Complex Concepts Simplified
- Consumer vs. commercial loan: A “consumer” loan is primarily for personal, family, or household purposes (e.g., buying a home to live in). A “commercial” loan is primarily for business or profit-making purposes (e.g., buying a building to run a clinic). Federal statutes like TILA, RESPA, and FDCPA generally cover only the former.
- Personal guaranty: When an individual promises to pay a business’s debt if the business cannot. In the Fifth Circuit, a guaranty does not change the loan’s fundamental character from commercial to consumer.
- Business-purpose test: Courts look at the transaction’s primary purpose—whether it is profit-oriented and tied to business operations, which places it outside the consumer statutes’ scope.
- Non-judicial foreclosure: A private sale of collateral pursuant to a deed of trust or similar instrument without court involvement. In the Fifth Circuit, this is not “state action,” so constitutional due process claims typically fail.
- RICO basics: To state a claim, a plaintiff must allege an “enterprise,” at least two “predicate acts” (like mail or wire fraud), and a “pattern” showing relatedness and continuity. Lawful business proposals or post-sale conduct do not qualify.
- § 1983 and state action: § 1983 provides a remedy for constitutional violations committed under color of state law. Private conduct, even if regulated, is not state action unless the state is significantly involved.
- Rule 12(b)(6) and plausibility: A complaint must contain enough facts to make a claim plausible, not merely possible. Conclusory statements or recitations of elements do not suffice.
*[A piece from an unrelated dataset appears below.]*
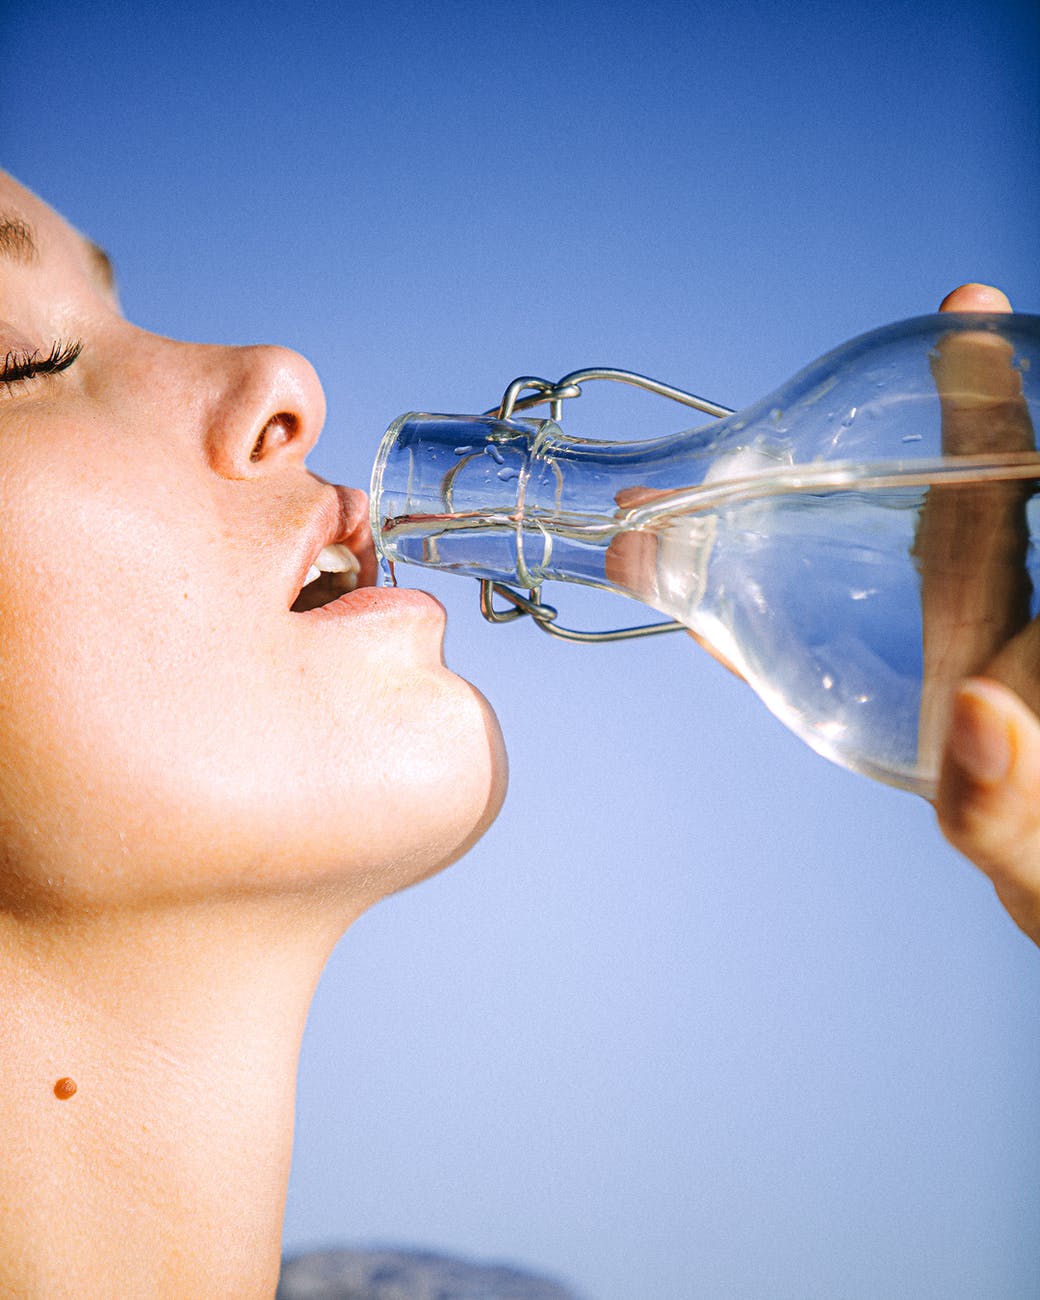 Eight glasses of water per day is a myth that refuses to die

- De novo review: On appeal from a Rule 12(b)(6) dismissal, the Fifth Circuit reviews legal conclusions anew, without deference to the district court’s reasoning.
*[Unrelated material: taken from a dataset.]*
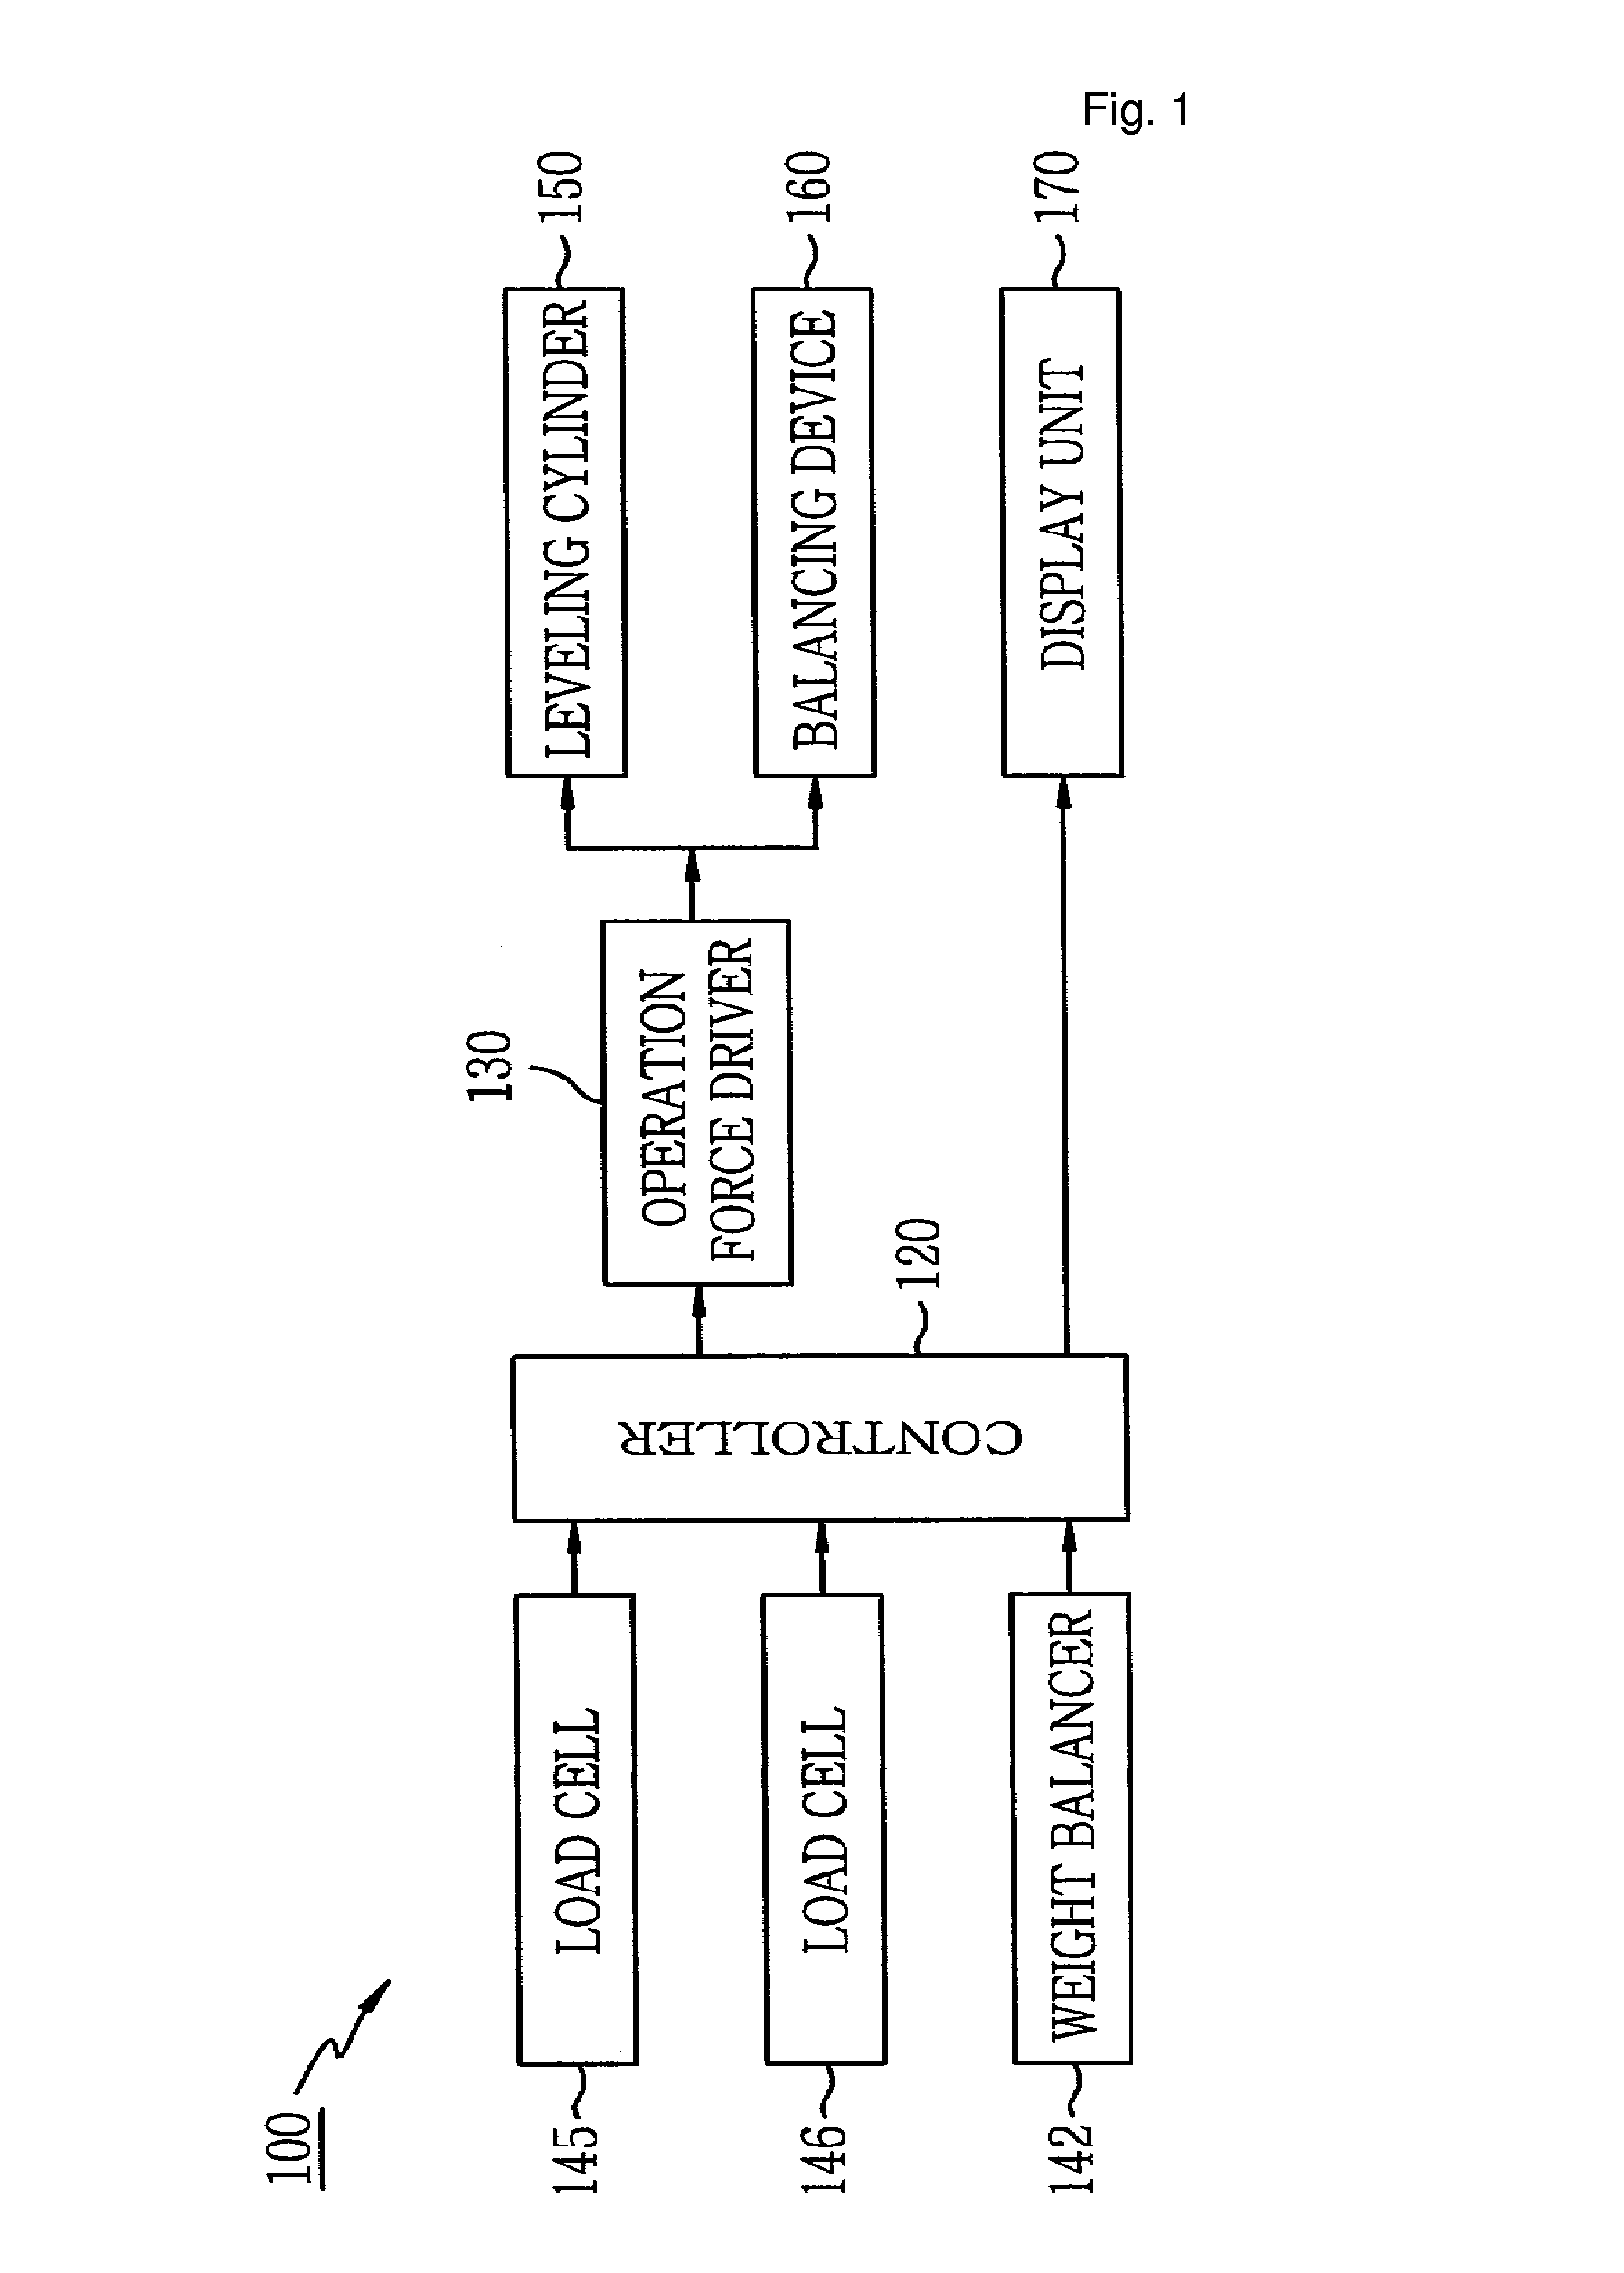 Weight balancer and pipe joining method

- Leave to amend and “best case”: Courts may deny amendment where the plaintiff has already had a fair chance and cannot articulate additional facts that would save the claims. Pro se status does not guarantee endless amendments.
- Bankruptcy stay and abandonment (context): Relief from stay and abandonment remove estate property from bankruptcy court protection and control. Once granted, a lender may proceed to foreclose under state law, as happened here.
Conclusion
Okorie v. University Mall reinforces several settled but frequently litigated rules in the Fifth Circuit:
- TILA, RESPA, and FDCPA do not apply to commercial or business-purpose loans. A personal guaranty or the borrower’s reliance on business income for household support does not convert a commercial loan into a consumer debt.
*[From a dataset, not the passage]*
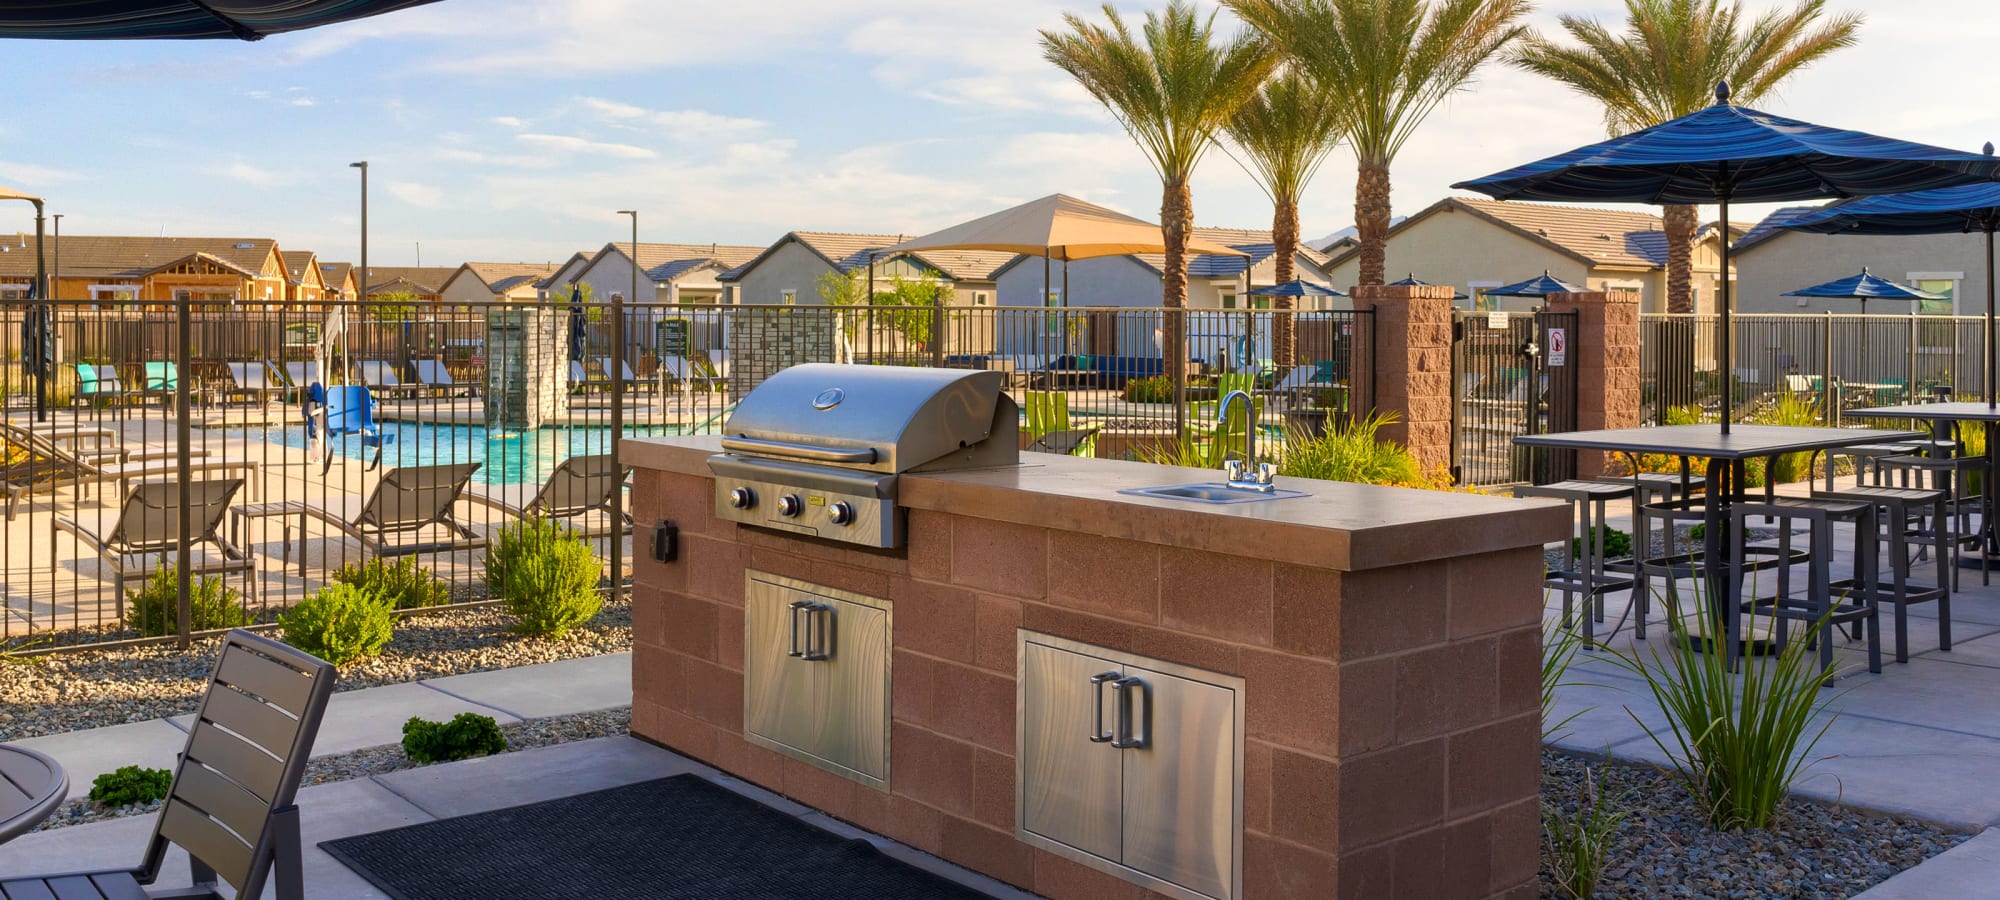 Poolside grilling station at Estia Windrose in Litchfield Park, Arizona

- Foreclosure-related RICO claims must allege concrete predicate acts and continuity; lawful acts by foreclosure purchasers—such as offering a lease—will not suffice.
- Non-judicial foreclosure is not state action; constitutional due process claims under § 1983 therefore fail absent significant government involvement.
- Plaintiffs, including those proceeding pro se, must meet modern pleading standards and, to preserve amendment, must articulate how an amendment would cure defects.
Although unpublished and non-precedential under Fifth Circuit Rule 47.5, this decision is a succinct, persuasive restatement of governing principles. It will be instructive in future borrower–lender disputes involving mixed-use properties, foreclosure-purchaser conduct, and attempts to recast commercial financing as consumer credit to invoke federal consumer-protection regimes.